TO DO: Nothing but the lines from the one containing "Bass Signature Saxophone" through the end of the data should be retyped, exactly as they stand, and pictures should not be retyped.

** THE DATA follows **

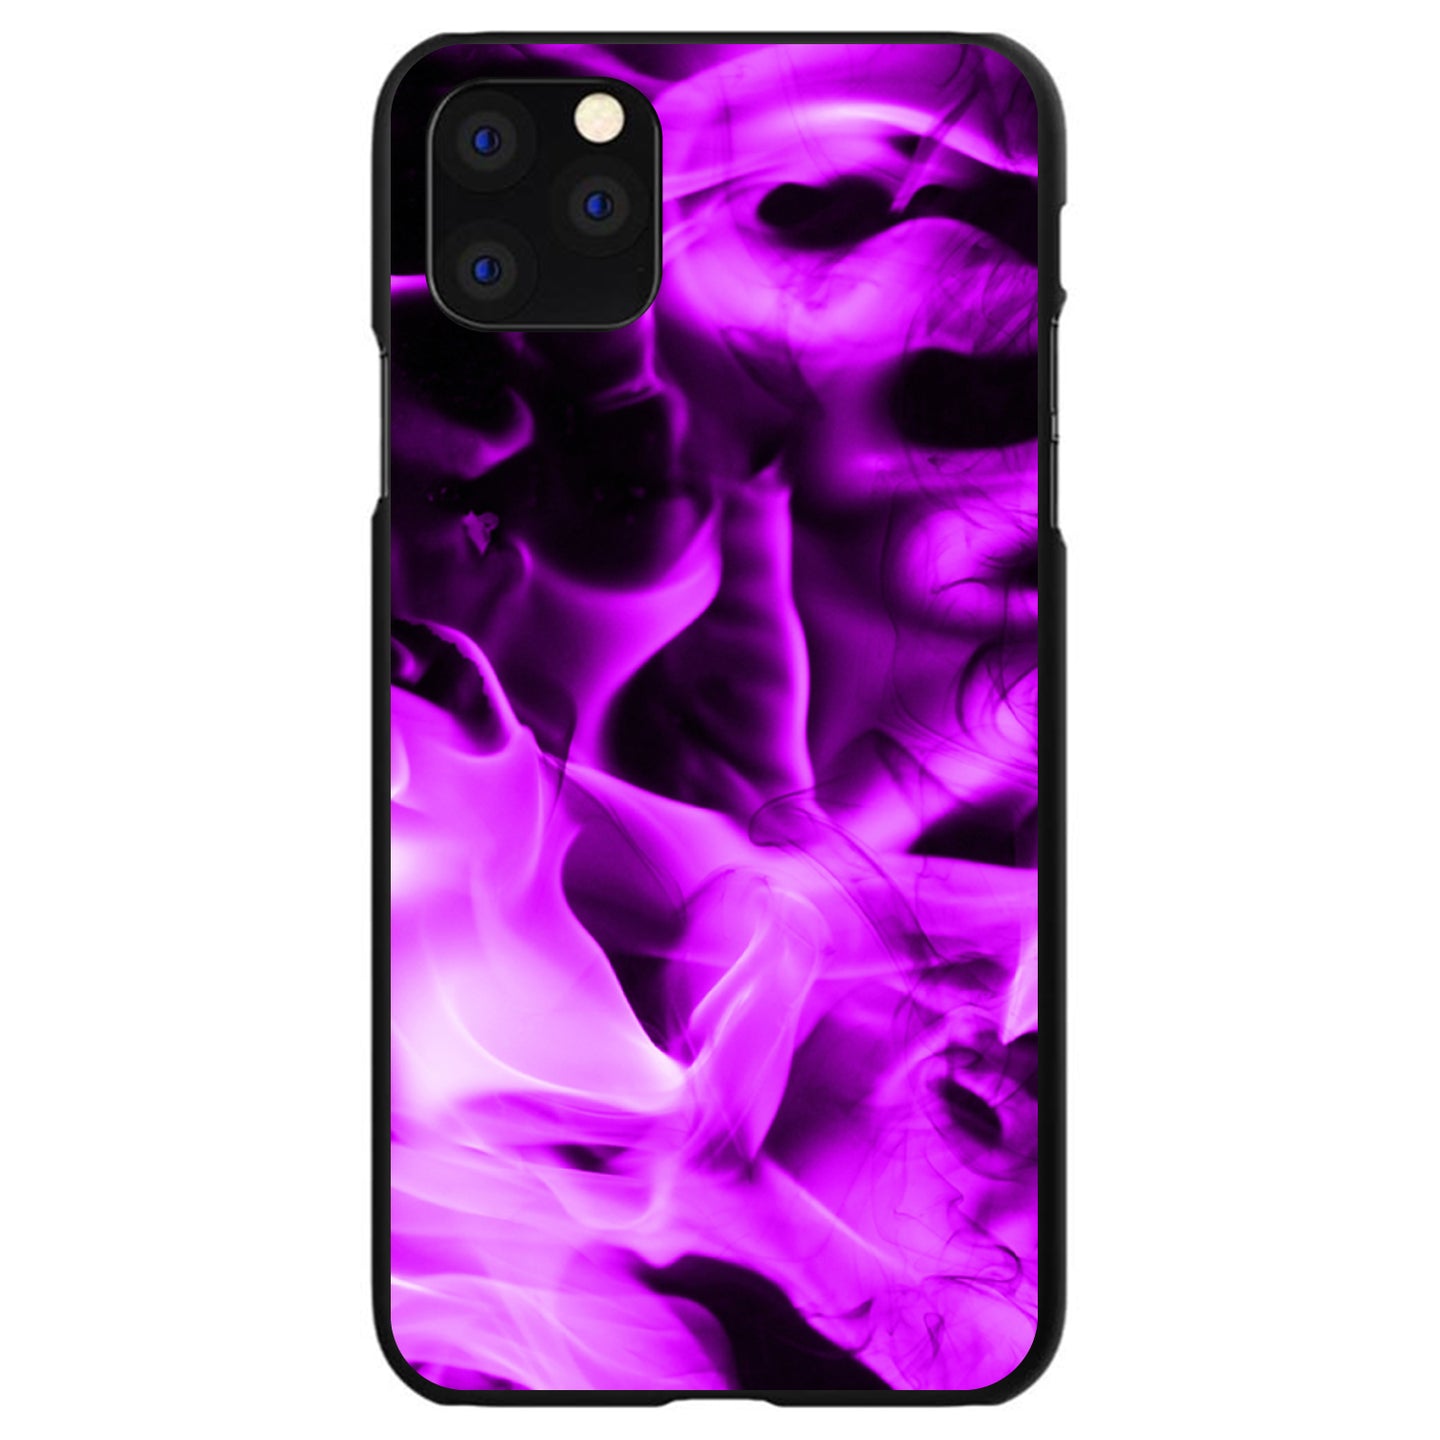 DistinctInk® Hard Plastic Snap-On Case for Apple iPhone or Samsung Galaxy - Violet Flame Fire
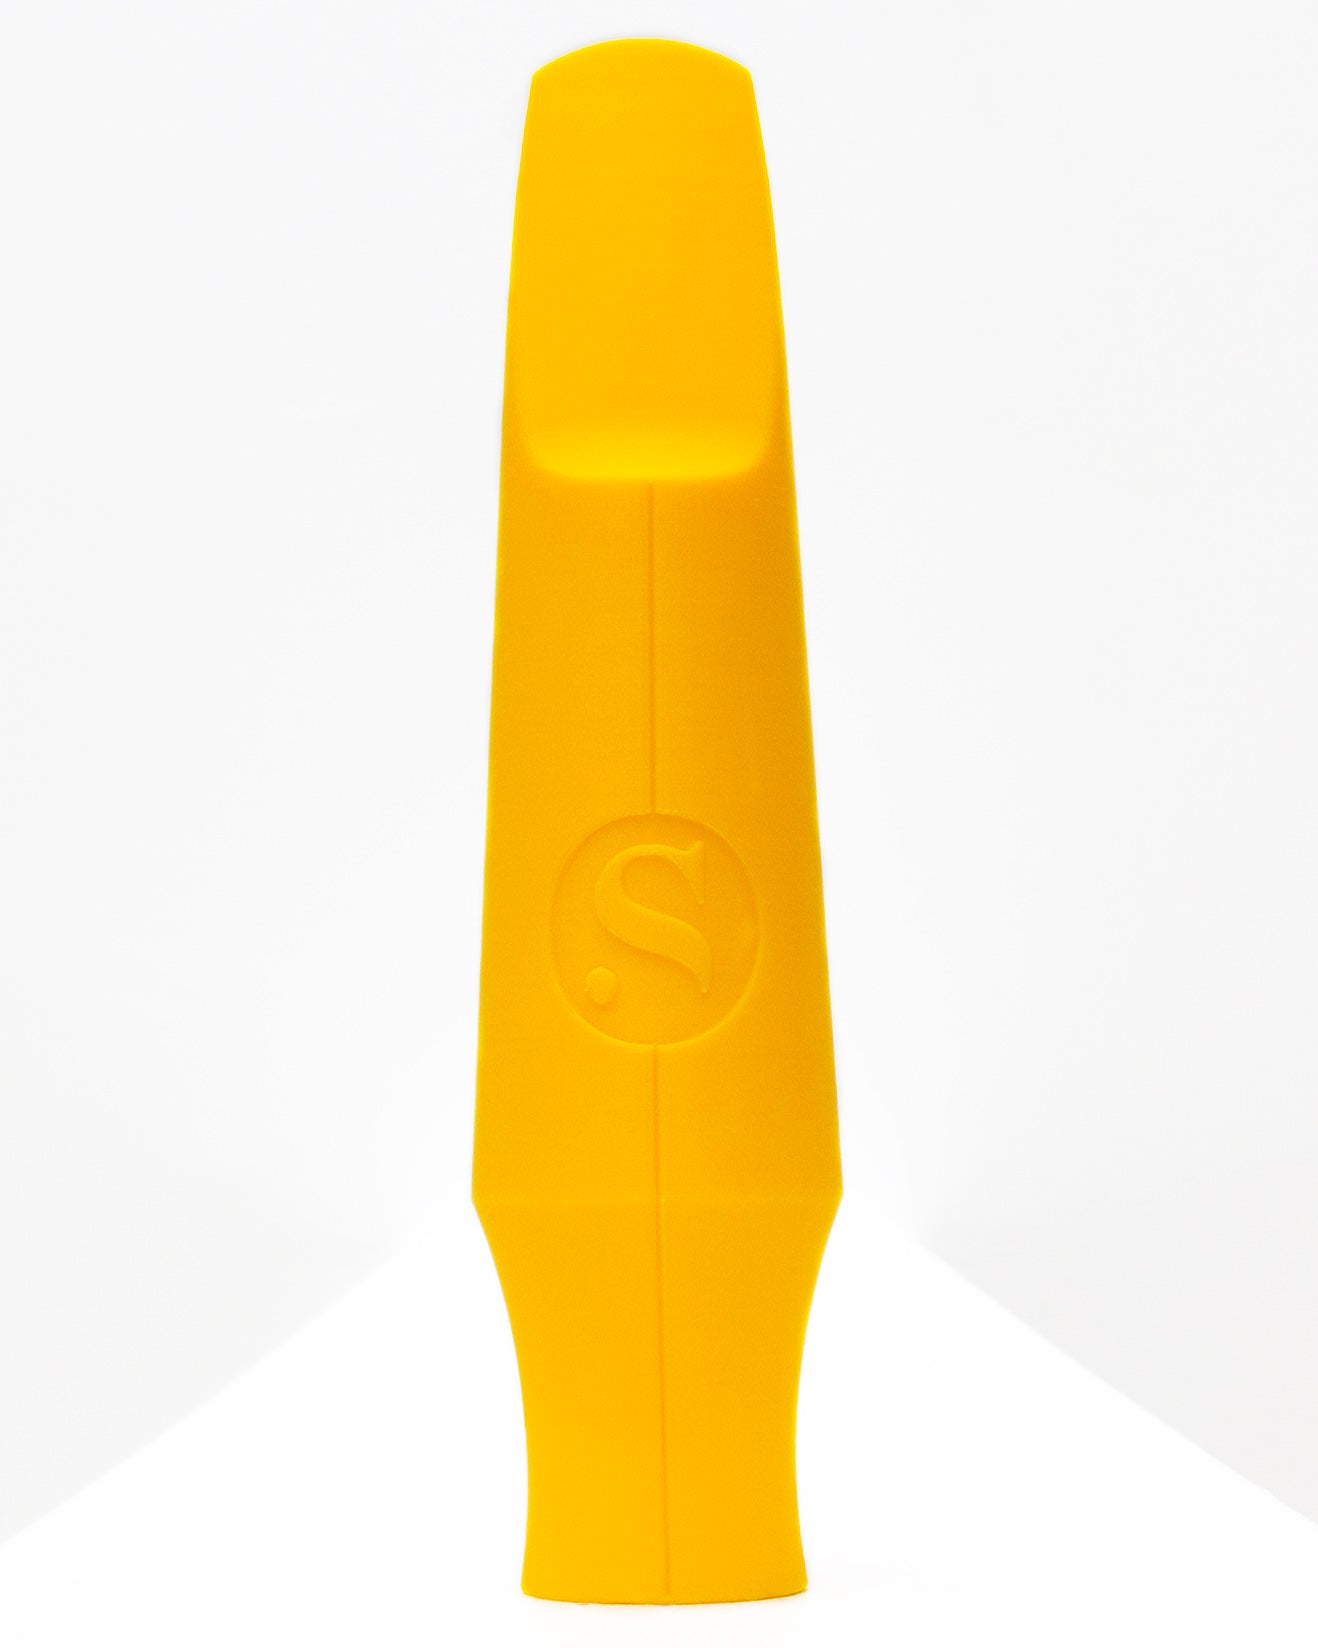 Bass Signature Saxophone mouthpiece - Michael Wilbur by Syos - 9 / Mellow Yellow
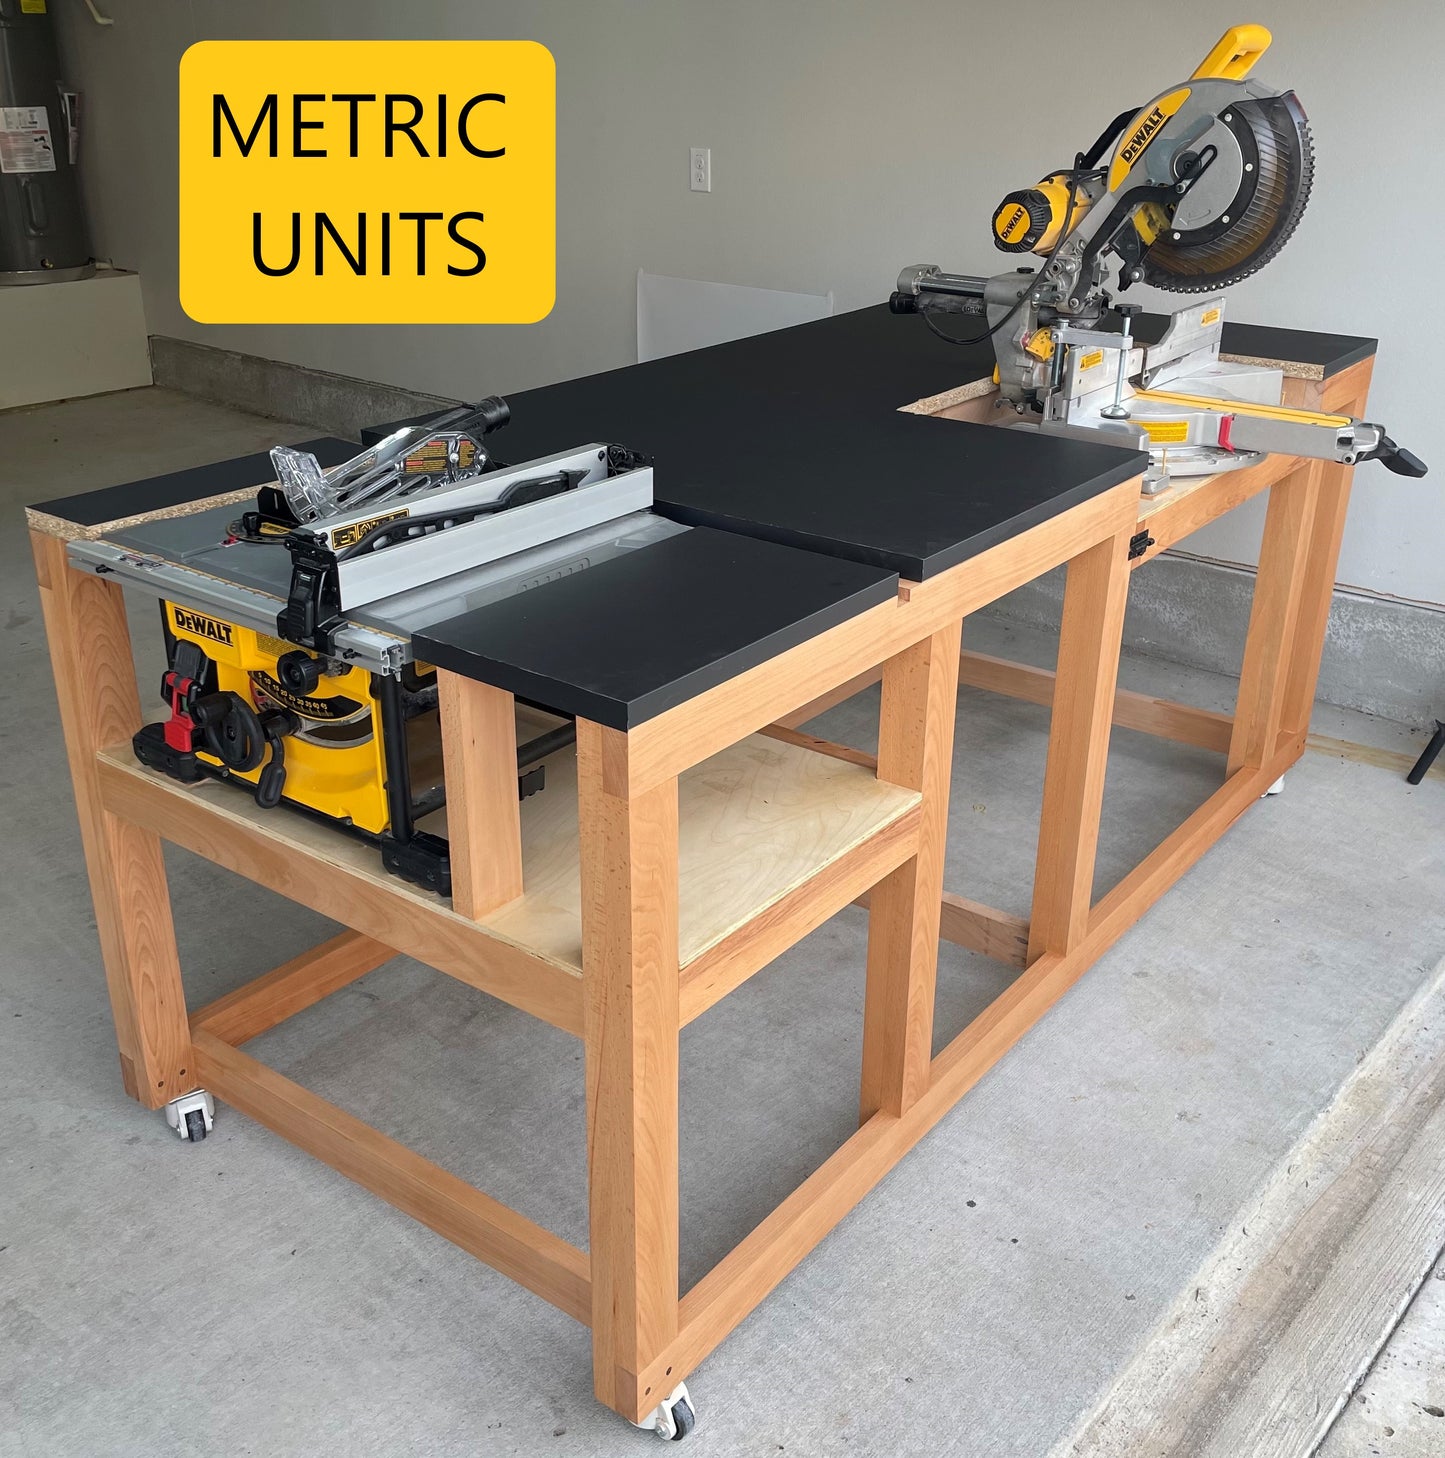 Mobile Miter / Table Saw Workbench Plans - Instant PDF Download - Metric Units

** End of THE DATA **

PROBLEM SOLUTION:
 Bass Signature Saxophone mouthpiece - Michael Wilbur by Syos - 9 / Mellow Yellow
 Mobile Miter / Table Saw Workbench Plans - Instant PDF Download - Metric Units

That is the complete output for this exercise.